Ampun ... apalagi sekarang aku telah selesai menstruasi. Birahiku sedang tinggi-tingginya. Pasti aku tak akan mampu menahan hasratku jika kemudian adegan mesra terjadi. 

Mulanya aku berdiri di depan cermin. Mempaskan baju dan bawahan yang aku kenakan ketika pertemuan dan keliling jalan-jalan menikmati suasana malam sambil naik perahu keliling sungai batal. Lemes. Aku duduk di atas ranjang. 

Apa yang harus aku kenakan. Apakah dengan pakaian tipis yang transparan? Akh, jangan. Nanti dikira aku wanita murahan. 

Atau aku kenakan saja baju berlapis-lapis. Jadi jika kemesraan berlangsung, maka tidak akan berlanjut ke hubungan intim. Aku bingung. 

Dalam hati kecilku, aku sangat ingin melakukan hubungan badan. Pasti sangat mesra bisa bercinta dengan seorang pemuda yang hidung dan mulutnya tidak berbau. Diciumnya pasti sangat nikmat rasanya. 

Amboe, aku memang gila. Belum apa-apa sudah membayangkan ke arah sana. Dasar aku perempuan ganjen. Perempuan kesepian. Butuh kehangatan laki-laki tampan dan harum wangi tubuhnya. 

Atau, aku jual mahal saja. Aku kenakan pakaian seberat mungkin. Setomboy mungkin sehingga adengan mesra tidak terjadi malam ini. Biarlah malam ini menjadi malam perkenalan saja.
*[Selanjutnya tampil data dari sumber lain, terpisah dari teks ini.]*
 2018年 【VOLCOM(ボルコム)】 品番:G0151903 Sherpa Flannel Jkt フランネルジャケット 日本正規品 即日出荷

Pendekatan. Saling mengenal dan mencurahkan isi hati masing-masing. 

Siapa tau dengan begitu rasa sayang benar-benar tumbuh karena rasa sayang yang sebenarnya. Bukan karena napsu belaka. Nyatanya pengalaman perkimpoianku yang pertama ketidak cocokan dalam hubungan badan mempengaruhi segalanya. 
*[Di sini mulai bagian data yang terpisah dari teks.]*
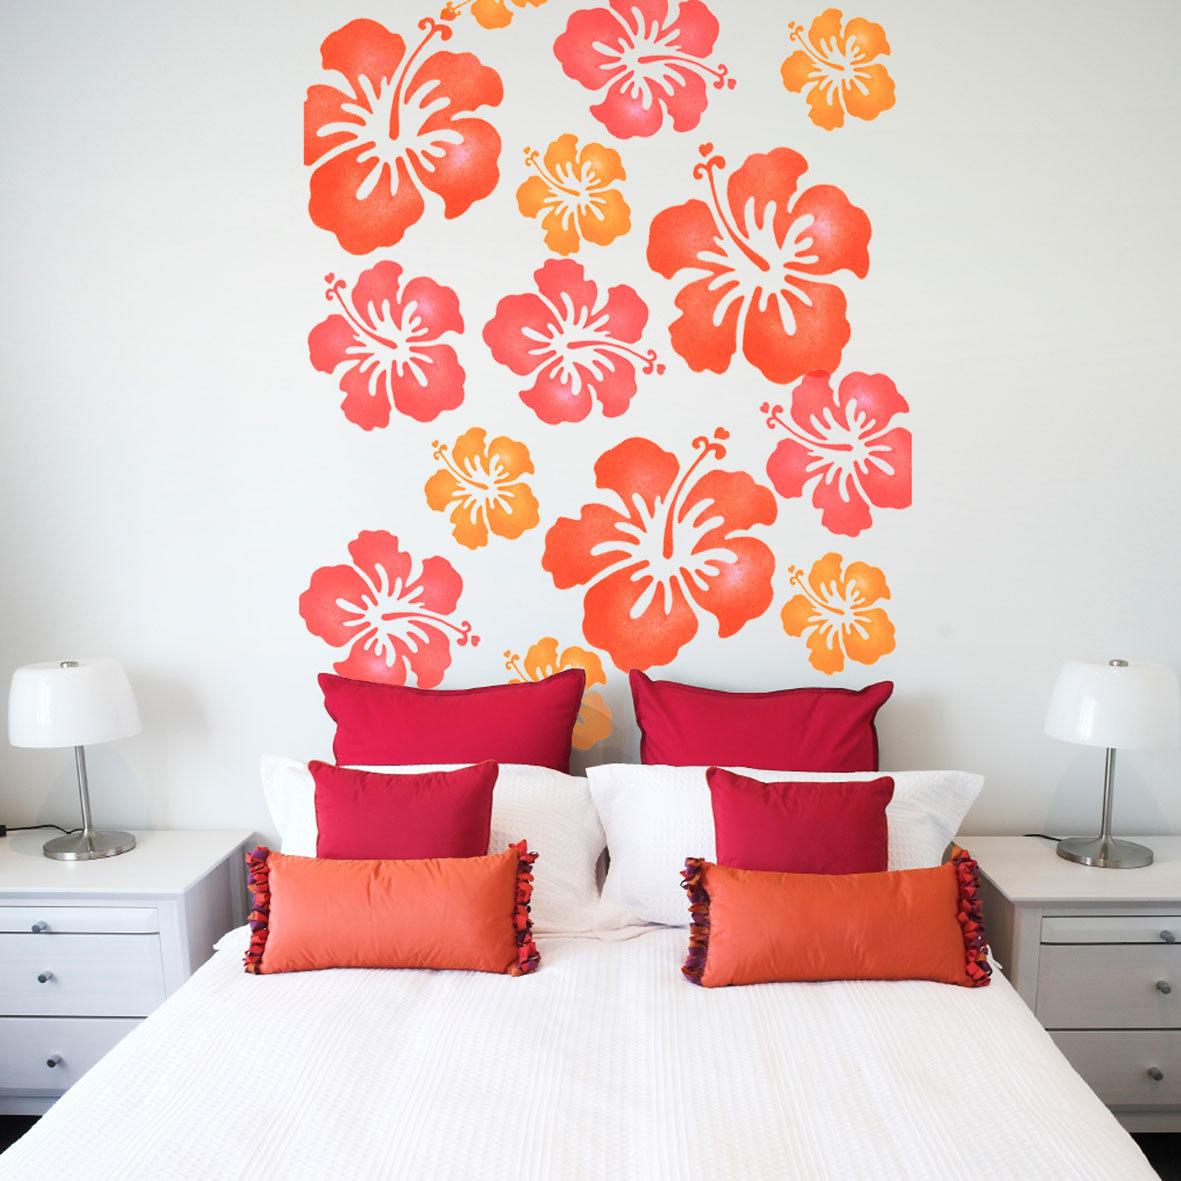 Как украсить стену комнаты своими руками - 78 фото примеров 11

Pertarungan bathin terjadi sangat lama. Antara aku pasrah malam ini dalam pelukannya atau biarlah rasa sayang dulu terucapkan. 
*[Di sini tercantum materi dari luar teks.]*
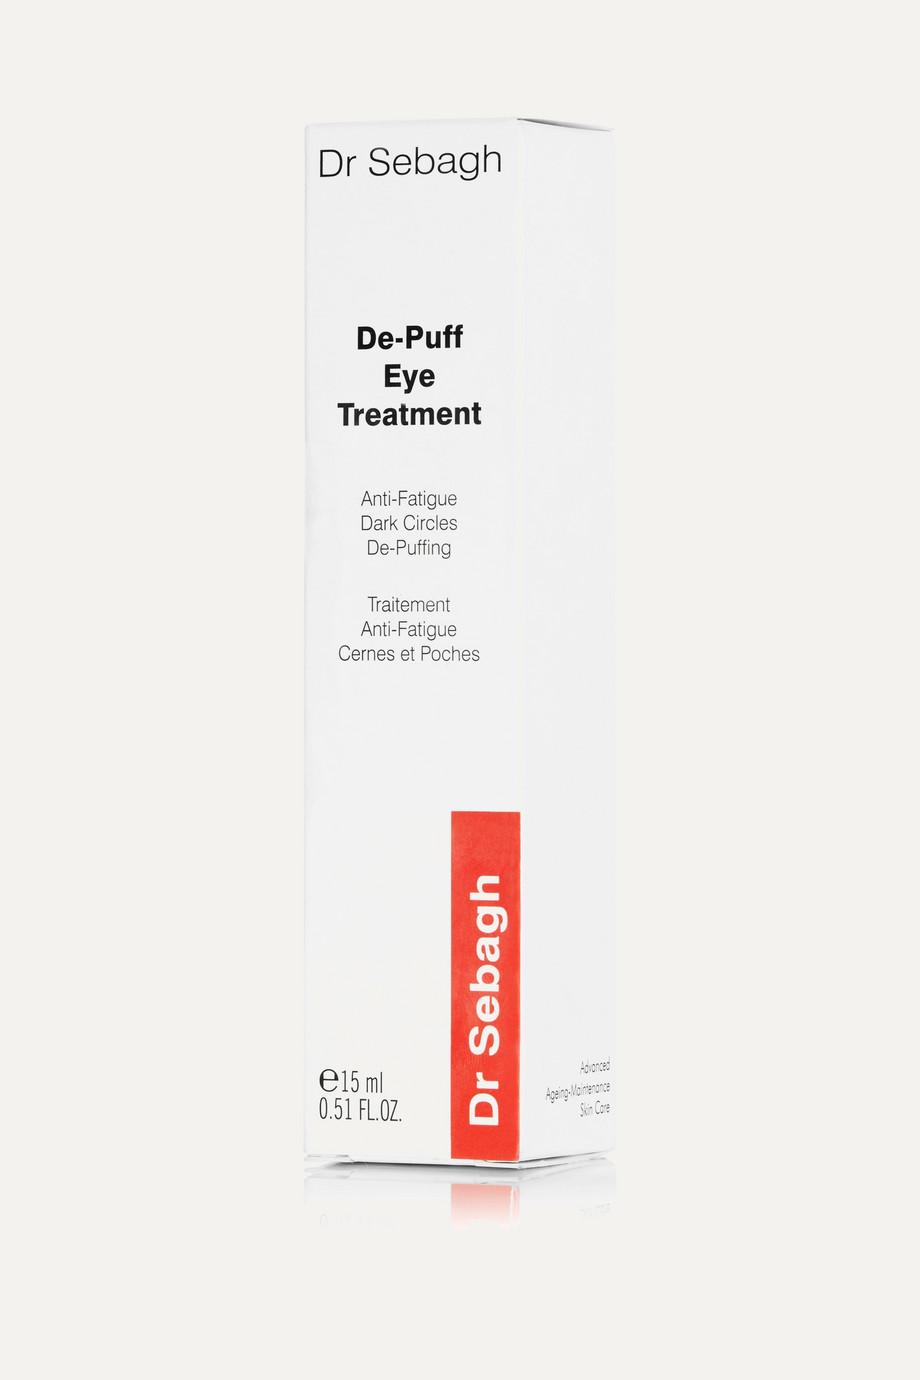 Dr Sebagh Traitement anti-fatigue cernes et poches, 15 ml

Mendalami perasaan masing-masing. Memang sangat berar menurutku, rasa ingin yang besar di antara keduanya sama. Aku pilih yang mana?

Sambil memandang langit-langit kamar, aku pertimbangkan lagi apa yang akan aku pilih. Mesra dalam cinta atau hangatnya hubungan badan yang mesra. 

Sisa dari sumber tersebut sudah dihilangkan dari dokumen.